● **The task**
Beneath this line are the data; copy exactly the part of them that opens with the line containing "Nirvana Nirvana. From" and closes with the line containing "Mitchell - RXO", and only that part.

● **Task inputs**
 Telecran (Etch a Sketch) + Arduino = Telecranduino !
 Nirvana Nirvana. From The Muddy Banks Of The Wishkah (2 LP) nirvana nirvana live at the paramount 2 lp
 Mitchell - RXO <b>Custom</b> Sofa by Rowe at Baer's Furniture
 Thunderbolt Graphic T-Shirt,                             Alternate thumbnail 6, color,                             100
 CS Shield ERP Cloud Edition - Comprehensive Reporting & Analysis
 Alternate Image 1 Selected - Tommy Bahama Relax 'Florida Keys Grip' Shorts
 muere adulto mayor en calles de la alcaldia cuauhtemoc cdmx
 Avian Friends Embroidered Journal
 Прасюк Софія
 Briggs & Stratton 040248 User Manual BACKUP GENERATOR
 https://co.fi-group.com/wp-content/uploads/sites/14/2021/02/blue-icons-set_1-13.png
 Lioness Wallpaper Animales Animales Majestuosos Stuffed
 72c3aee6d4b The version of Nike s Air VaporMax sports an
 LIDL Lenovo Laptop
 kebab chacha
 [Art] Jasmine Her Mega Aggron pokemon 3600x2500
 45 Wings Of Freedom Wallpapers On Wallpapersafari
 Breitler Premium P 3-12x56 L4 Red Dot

● **Written solution**
 Nirvana Nirvana. From The Muddy Banks Of The Wishkah (2 LP) nirvana nirvana live at the paramount 2 lp
 Mitchell - RXO <b>Custom</b> Sofa by Rowe at Baer's Furniture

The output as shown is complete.